To write the album, Crystal Fighters retreated to the Basque hills that they consider to be their spiritual home. Their music has always born traces of the local sound –traditional instruments like txalapartas and txistus vying in the mix with razor's edge guitars and percolating techno synths – but the purpose of this mission was different. Immersed in their creative cradle, they wanted to tap into something beyond their immediate experience, to uproot themselves from temporal bounds in order to write timeless songs.
These methods proved to be spectacularly successful – Crystal Fighters wrote Cave Rave in its entirety during this two-month spell. There followed a quick detour to Los Angeles to produce the tracks, but after this it was still the songs written in the Basque country that remained most audible – only now the melodies found there had been sharpened into hooks, songs exploded into towering anthems. This revelatory process also exposed the band to a new way of thinking: a realisation that even the cultures they considered traditional are comparatively new. The album draws deeper into universal, history-permeating themes of love, death, insanity and hope; using Basque culture as a stepping stone backward to the spiritual and primal.
The musical influences have widened too. Star Of Love was a manic, genre picking rush yet Cave Rave expands the sound palette even further. The beating hearts of Hispanic and African dance and Mexican electronic music 3bal now sit alongside folk and psychedelia, each artfully interpreted and united by the band's unconfined vision.
If Crystal Fighters have surrendered to the power of the song, they haven't run up the white flag in terms of energy.
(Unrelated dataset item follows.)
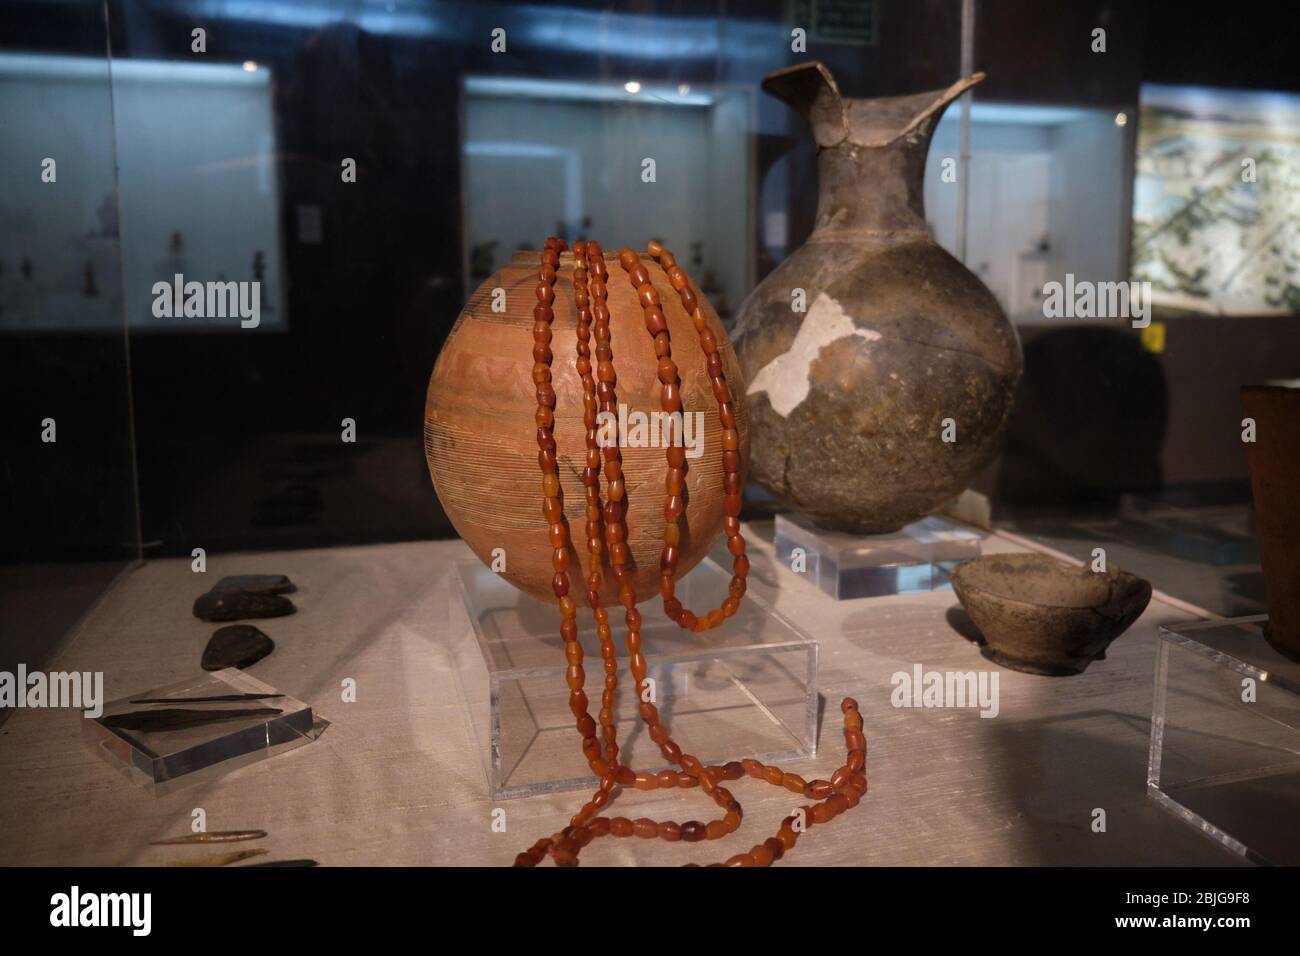 New Delhi / India - September 26, 2019: Ancient pottery of the Indus Valley Civilization in the National Museum of India in New Delhi Stock Photo

What's here is still an adrenal rush, and there is an awful lot here: the grandstanding of American road rock, the sweat of disco, the fervent initiative of punk, the house of Iberian twilights that anticipates everything coming very soon, all at once. What's changed is Crystal Fighters' ability to control those surges – and as such Cave Rave feels a considerably more thoughtful and contemplative album than its predecessor.
Nevertheless, it has at its heart the same tension that provides all great records their emotional traction. Sebastian Pringle, Gilbert Vierich, and Graham Dickson are the three core members of Crystal Fighters, around whom a larger cadre of vocalists and instrumentalists revolve. They're the kind of people whose brains seem to be bubbling pots, all intensely preoccupied with anthropology, time travel, spirituality and their place in the universe, even as they're attempting to create the kind of cohesive sonic pieces that really connect and move people. They seem passionate about creating music that can make people dance, but that is equally adept at finding its way beneath a listener's skin.
With Cave Rave, they Pringle, Vierich and Dickson have managed just that. The melodies, hooks and refrains of the album are so compelling it's almost as if Crystal Fighters had to devise them simply to navigate a way across the landscapes of their own avid genrelessness, to remain as masters of music that itself seems to be a disputed territory. Here you have a band hell-bent on locating their own musical heaven, a place beyond petty genre parameters, where all that remains, finally, is song, rhythm and sentiment, bursting in vivid colour from the dark of the silent Basque night.